Bescheidbeschwerde – Einzel – Erkenntnis des BFG vom 28.11.2014, RV/7501823/2014

Verweigerung der Lenkerauskunft

Rechtssätze

Keine Rechtssätze vorhanden

Entscheidungstext

 

IM NAMEN DER REPUBLIK

Das Bundesfinanzgericht hat durch den Richter R über die Beschwerden des Bf, vertreten durch RAe, vom 01.10.2014 gegen die Straferkenntnisse des Magistrat der Stadt Wien MA 67-PA-905457/4/6 und MA 67-PA-905471/4/7 vom 28.08.2014 zu Recht erkannt:

 

Die Beschwerden werden als unbegründer abgewiesen und die angefochtenen Straferkenntnisse bestätigt.

Der Beschwerdeführer hat einen Beitrag in Höhe von 24 Euro, das sind jeweils 20 % der verhängten Geldstrafen als Beitrag zu den Kosten, zu leisten.

Der Magistrat der Stadt Wien wird gemäß § 25 Abs. 2 BFGG als Vollstreckungsbehörde bestimmt.

Eine Revision an den Verwaltungsgerichtshof ist nach Art. 133 Abs. 4 Bundes-Verfassungsgesetz (B-VG) unzulässig.

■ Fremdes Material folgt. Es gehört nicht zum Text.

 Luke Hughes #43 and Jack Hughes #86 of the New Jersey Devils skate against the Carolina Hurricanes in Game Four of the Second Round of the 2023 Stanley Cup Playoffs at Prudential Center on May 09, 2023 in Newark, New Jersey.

Informativ wird mitgeteilt, dass die Einzahlungen auf folgendes Bankkonto des Magistrats der Stadt Wien bei der UniCredit Bank Austria erfolgen kann: Empfänger: MA 6 - BA 32 - Verkehrsstrafen, IBAN: AT38 1200 0006 9625 5207, BIC: BKAUATWW, Verwendungszweck: MA 67-PA-905457/4/6 und MA 67-PA-905471/4/7 (ACHTUNG: nicht im Feld Zahlungsreferenz eintragen!!!)

 

Entscheidungsgründe

 

Sachverhalt
Mit Aufforderungen des Magistrat der Stadt Wien zur Bekanntgabe des Fahrzeuglenkers vom 31.12.2013, MA67-PA-770964/3/5 und MA67-PA-770967/3/3 wurde der Beschwerdeführer (Bf) aufgefordert, binnen zwei Wochen bekanntzugeben, wem er am 20.07.2013, 20:31 Uhr bzw. am 22.07.2013, 10:29 Uhr das Fahrzeug mit dem Kennzeichen ******** überlassen hat, sodass es in Wien 15, Goldschlagstraße gegenüber 79 abgestellt war.

 

Mit Eingabe vom 21.01.2014 teilte der Bf mit, dass es nicht mehr zweifelsfrei zu ermitteln sei, welcher Person das Fahrzeug zu besagten Zeitpunkten überlassen worden sei.

 

Mit Strafverfügungen des Magistrat der Stadt Wien vom 17.02.2014 wurden über den Bf Geldstrafen in Höhe von jeweils 60 Euro verhängt.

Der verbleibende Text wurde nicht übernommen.